Facebook In $2bn Oculus Virtual Reality Deal

Written By Unknown on Kamis, 27 Maret 2014 | 00.12

What Facebook Plans For Oculus Takeover

Updated: 1:26pm UK, Wednesday 26 March 2014

By Tom Cheshire, Technology Correspondent

Happy days: now you can actually strap Facebook to your face.

The social networking giant has bought virtual reality headset maker Oculus for $2bn (£1.2bn). Oculus' rise has been quick - from a wildly successful Kickstarter campaign in September 2012 that raised 10 times its asking price, through to a $75m (£45.4m) round of investment as recently as December last year.

But this acquisition has come from nowhere, leaving a lot of people wondering - why did Facebook buy?

On the face of it, the two companies couldn't be more different. The Oculus Rift headset is all about ultra-immersive, hardcore videogaming (it's one of those things you just have to try to see how good it is - and it really is good) and is still in the development phase.

It hasn't sold a single kit to consumers.

Facebook is used for casual social interaction and holiday boasting - and the company's acquisitions have been in software, in businesses with hundreds of millions of users such as WhatsApp and Instagram.

Oculus is Facebook's bet on the future - and it's clear the company sees it as more than a gaming device.

In the press release announcing the deal, Mark Zuckerberg said: "Oculus has the chance to create the most social platform ever." Cue images of a terrifying Zuckertopia where you spend days grudgingly liking your friends' lunch photos in a high-definition, ultra-immersive version of Second Life.

But the CEO also imagined some more useful applications such as chatting in person with your doctor, attending an online class, or watching a virtual sports game with friends.
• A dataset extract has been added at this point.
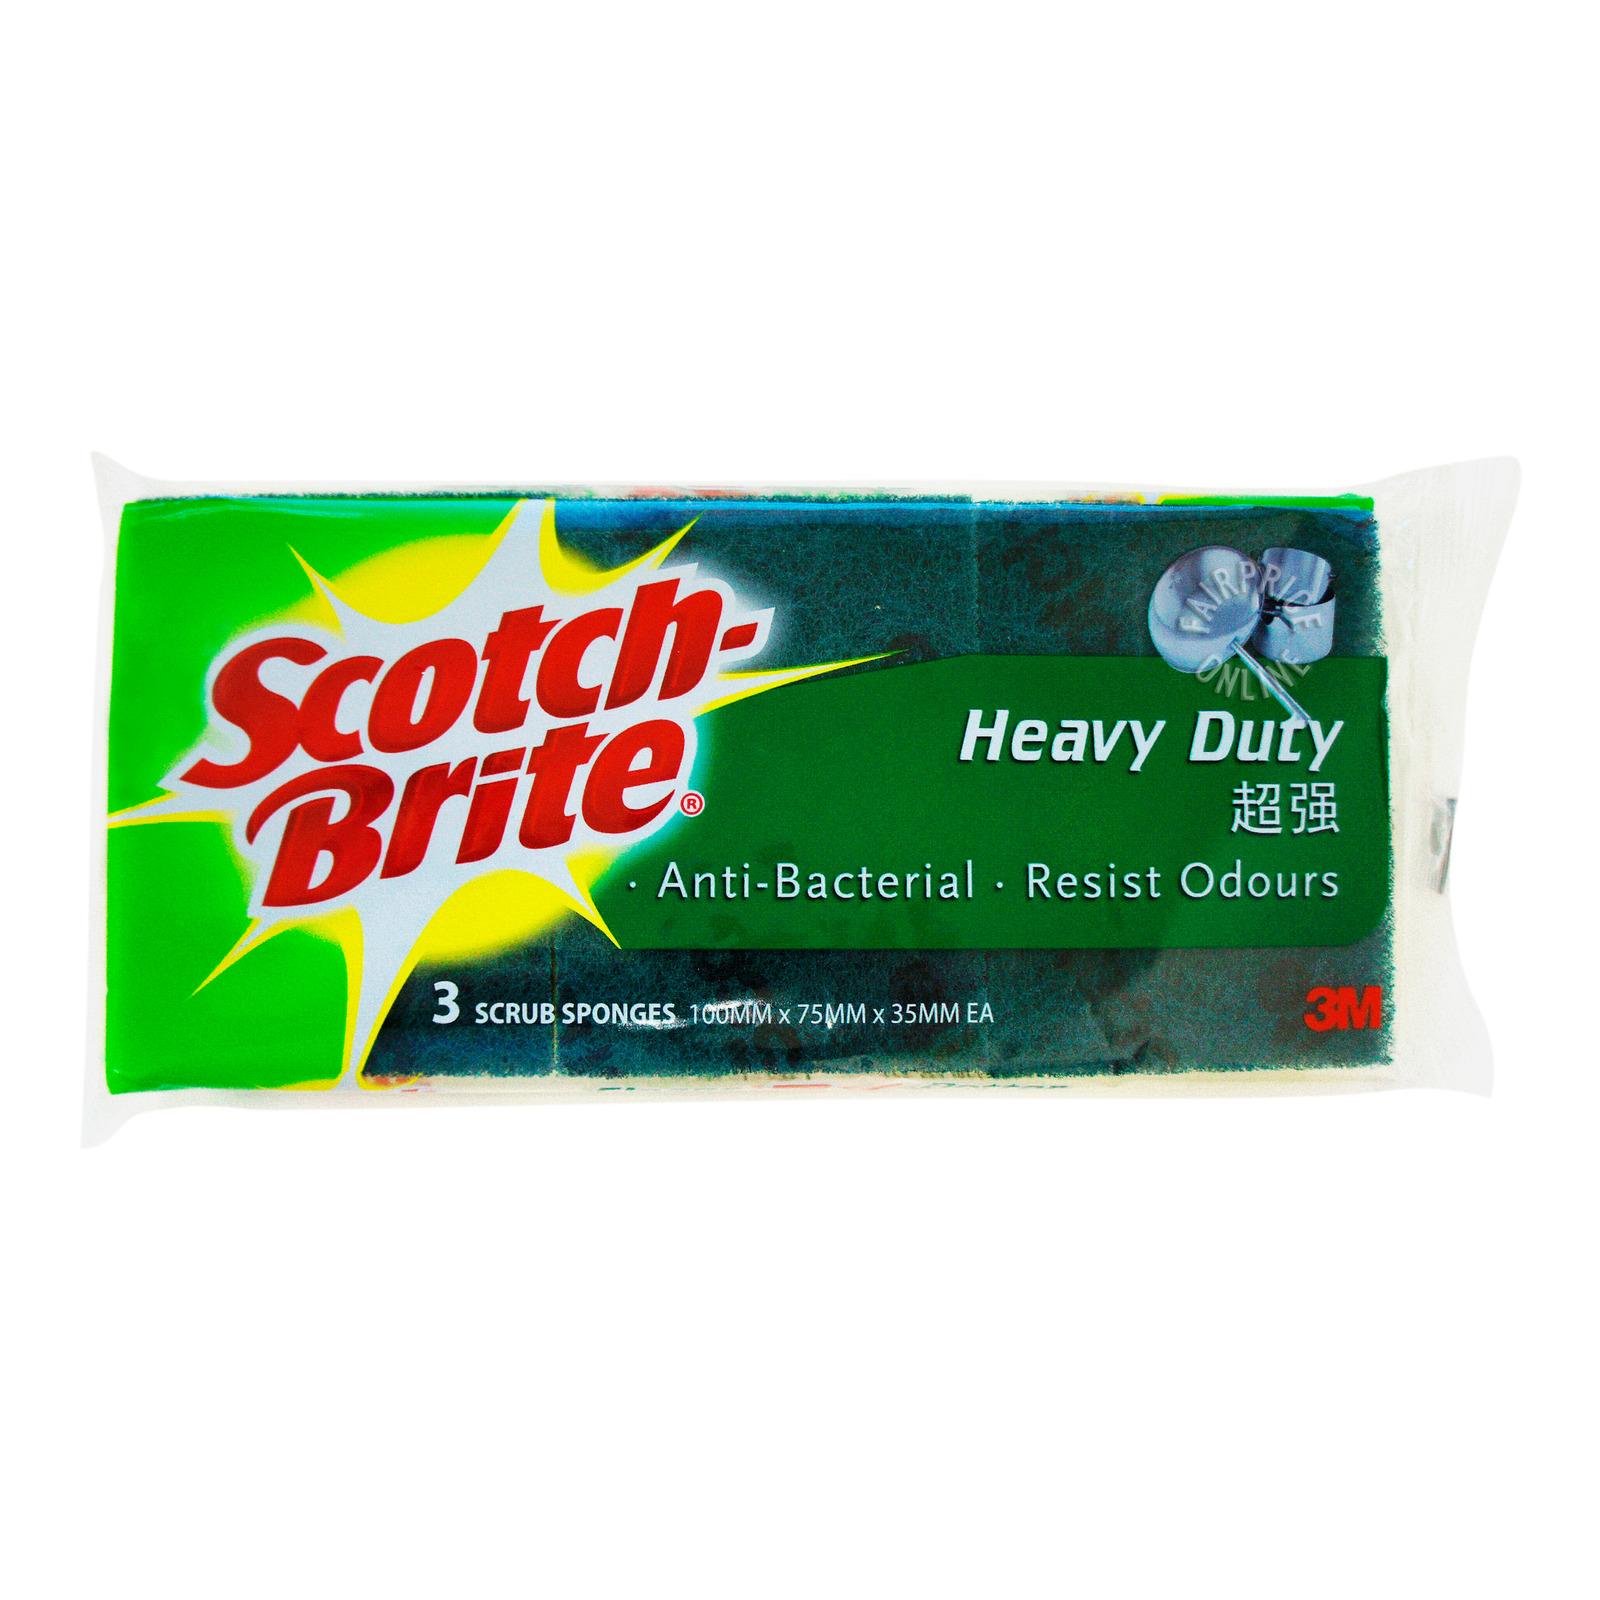 3M Scotch-Brite Scrub Sponges - Heavy Duty (Urethane)

Developers have already shown real-world use cases: teams of architects can use it to walk through their virtual renderings and collaborate on plans, for example. Teachers in Australia are already using the kit to help autistic children learn.

In these respects, the Oculus acquisition isn't dissimilar from the recent purchase of WhatsApp.

Facebook wants to own every aspect of human communication, whether that's through the web browser on facebook.com or mobile apps like WhatsApp and Instagram.

The company has also started offering free video calls. It wants to own what Silicon Valley types call the whole "stack", whether it's explicitly Facebook-branded or not. So if people are going to communicate using kits like the Oculus Rift, Facebook wants to mediate that experience. And then use it to sell ads.

It also means that Google is not the only Silicon Valley company to have some exceptionally geeky eyewear.

Tech giants including Apple and Yahoo! are battling to acquire new startups and technologies, and so are driving valuations up.

Two billion dollars is loose change for Facebook, especially since the company will pay only $300m (£181.3m) in cash - the rest will be paid in Facebook shares.

With London-based games developer King.com floating on the New York Stock Exchange at a valuation of $7bn (£4.2bn), some are smugly saying we're in a new tech bubble. We're not - at least not yet.

Valuations are definitely high, but the real test point will come with Chinese web company Alibaba's upcoming IPO - potentially the biggest technology flotation of all time.